The film advances the “bad teacher” narrative through the character of Deborah. This teacher barks at students from her desk, uses her cell phone in class, refuses to let students use the restroom, puts children in a closet as a disciplinary measure and resists all reform efforts, yet miraculously remains employed at the school. She tells parents that she refuses to stay after school hours to help her students, and Davis’ character in the film asserts that union rules prohibit teachers from working past 3 p.m., an egregious lie. I know of no contract or local union that would ever prevent a teacher from remaining after school to help a student or do the work necessary to help children.
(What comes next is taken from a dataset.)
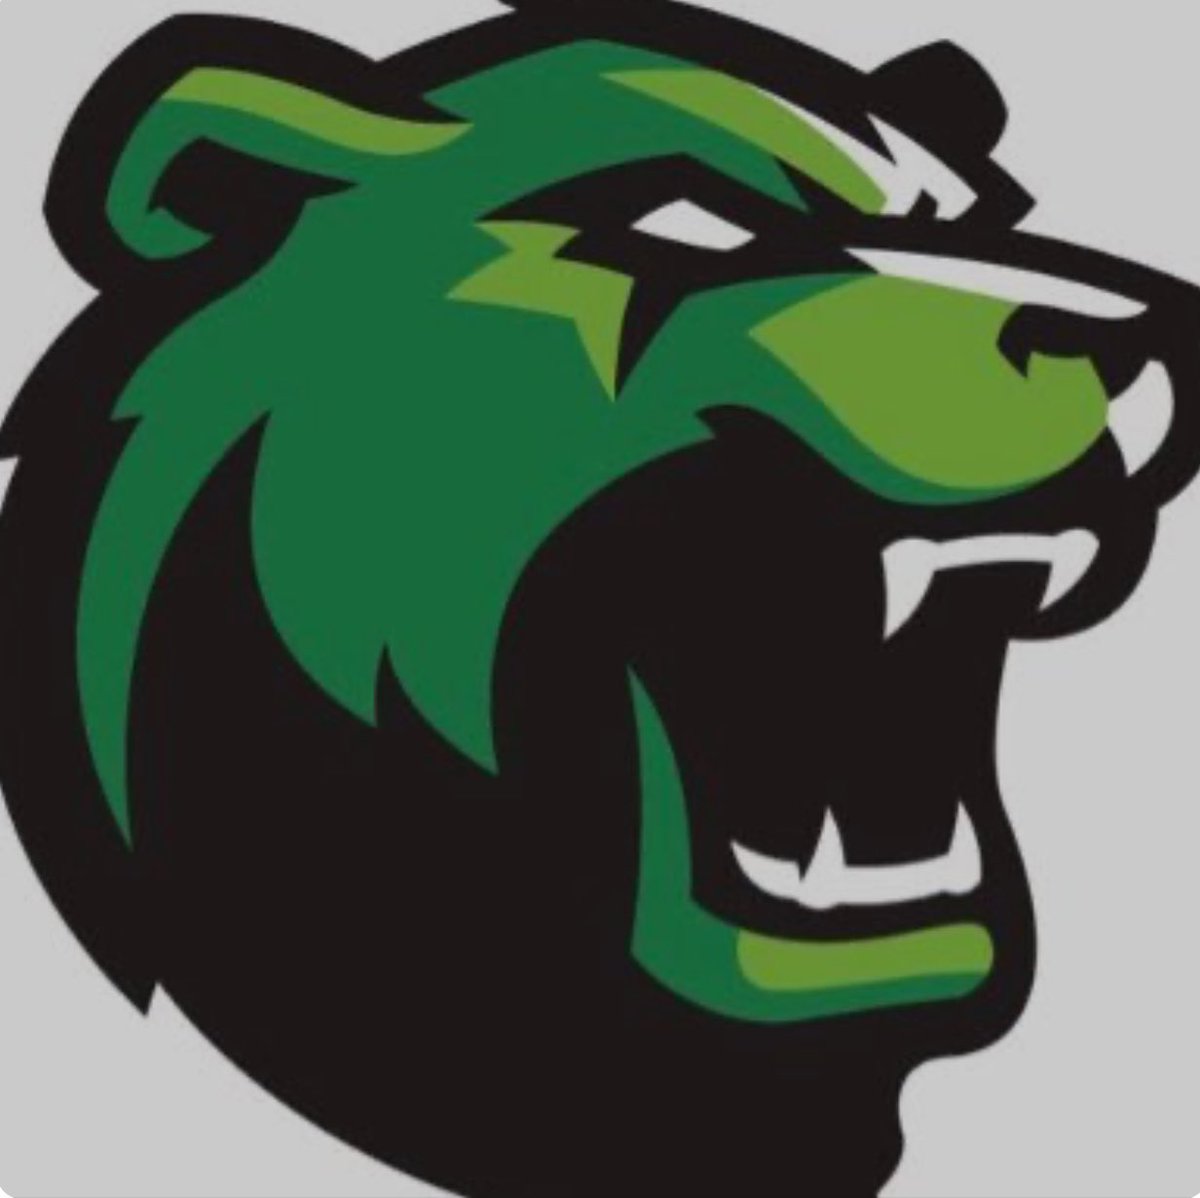 After a great conversation with Coach McGill, I’m blessed to have receive an offer from Dallas college Brookhaven @BCBearsDen

Let’s be clear—this teacher, or any teacher who engages in such deplorable actions against children, should be fired for this outrageous behavior.
 
The film features the union leader sharing a quote that anti-public education ideologues and right-wing politicians often attribute to former AFT president Albert Shanker: “When schoolchildren start paying union dues, that’s when I’ll start representing the interests of schoolchildren.” Despite the frequency with which corporate interests claim Shanker said this, a review of news reports, speeches, and interviews with Shanker’s aides and biographers, and even an analysis by the Washington Post, failed to find any person or report that could corroborate the statement. 
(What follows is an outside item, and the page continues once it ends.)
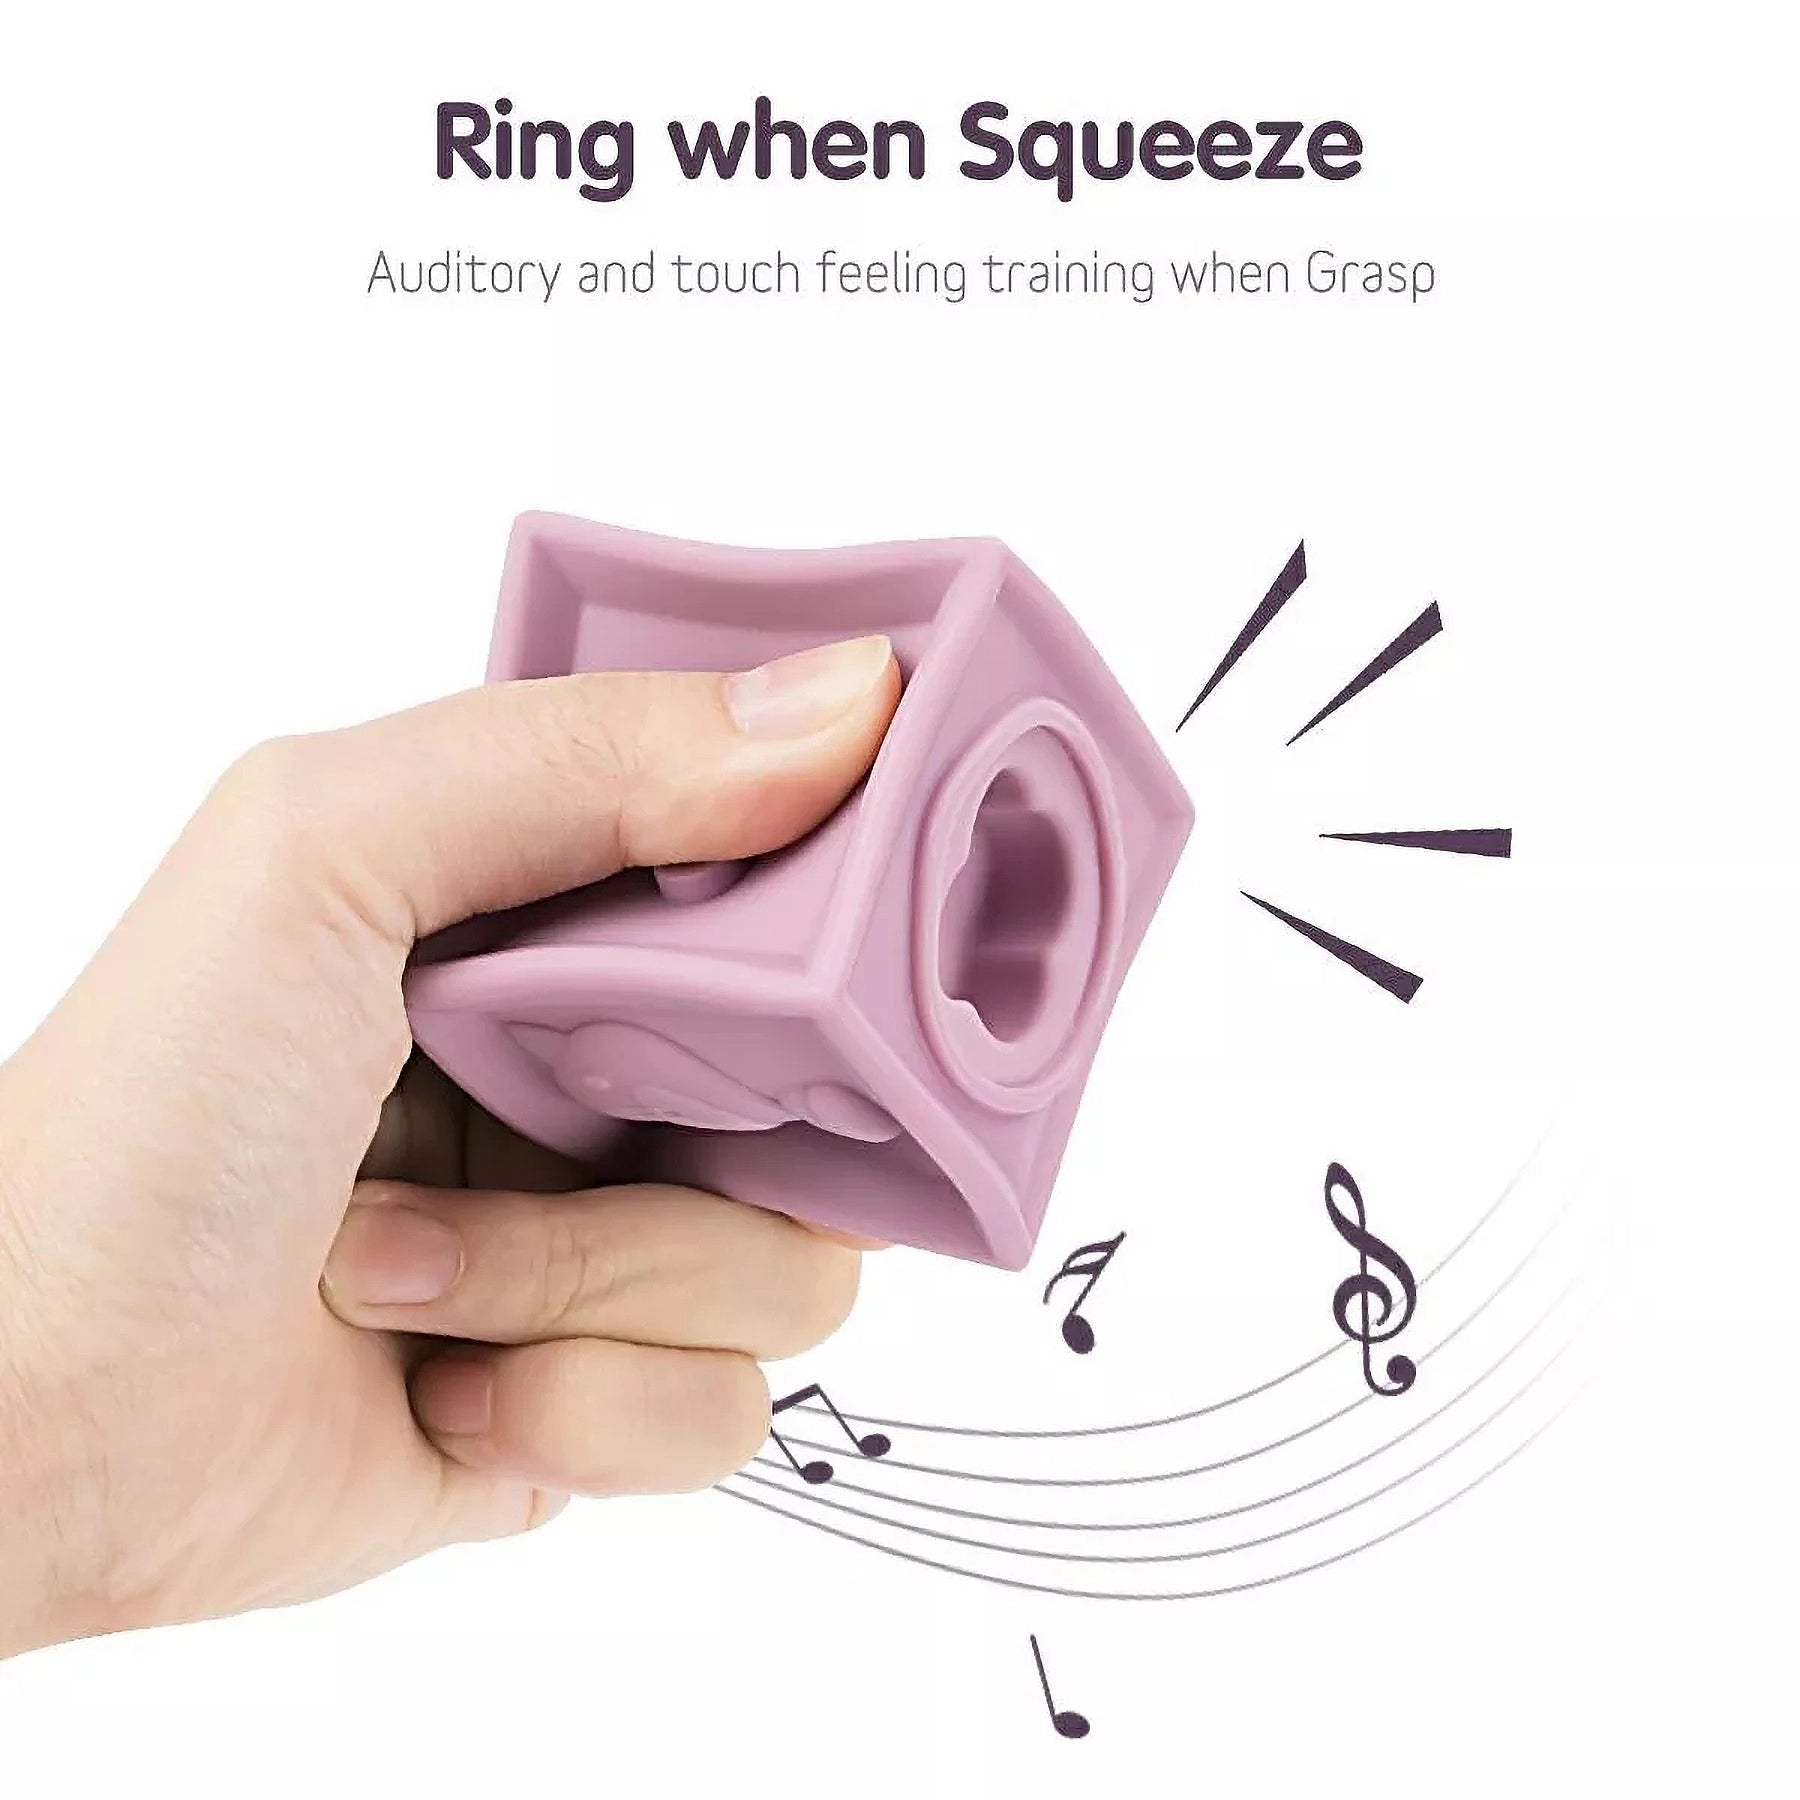 Teether toy featuring soft textures and squeeze cube for baby

This is not the only time the movie resorts to falsehoods and anti-union stereotypes. Viola Davis’ character tells other teachers that the new school they create cannot be unionized because the union would restrict their ability to implement reforms that help kids. This is a false—unions are democratic organizations made up of individual educators, and collective bargaining is the process by which individuals come together to make things better. Many examples demonstrate that far from blocking reform efforts, unions fight for the things children need to thrive in school, like safe classrooms and smaller class sizes. And unions empower educators to win the tools and voice they need to help children.

Half of all teachers in the United States do not have collective bargaining contracts. The reality is that the states with the highest union density—states such as Maryland, Massachusetts and Minnesota—are the states that lead the nation in student achievement. And a recent Education Sector survey of teachers made clear that America’s teachers—both union and nonunion—recognize the importance of unions in strengthening the teaching profession and our public schools.
 
Though deeply unfortunate, it is also unsurprising that “Won’t Back Down” is such a false and misleading depiction of teachers and unions. Anschutz’s business partner is on record saying that he intends to use Walden Media (which also produced the equally misleading “Waiting for ‘Superman’”), as way for him to promote their values.
 
A look at the organizations in which Anschutz invests makes those values crystal clear. He has funded 20 organizations, including ALEC, Americans for Prosperity and the National Right to Work Legal Defense and Education Foundation. All of these groups operate against the public interest in favor of corporate interests, and all of them actively oppose collective bargaining rights and other benefits for workers. Anschutz has also invested millions in anti-gay and extreme religious-right organizations such as the Promise Keepers, whose founder declared that “homosexuality is an abomination against almighty God,” and organizations affiliated with Focus on the Family. 
 
The last thing that the country and the debate over public education reform needs is another movie that maligns teachers, caricatures teachers unions and misleads the American public about what is happening in public education today. Children deserve great schools. That’s how we build great communities. And real public education reform comes from teachers, parents and communities working together to help all kids thrive.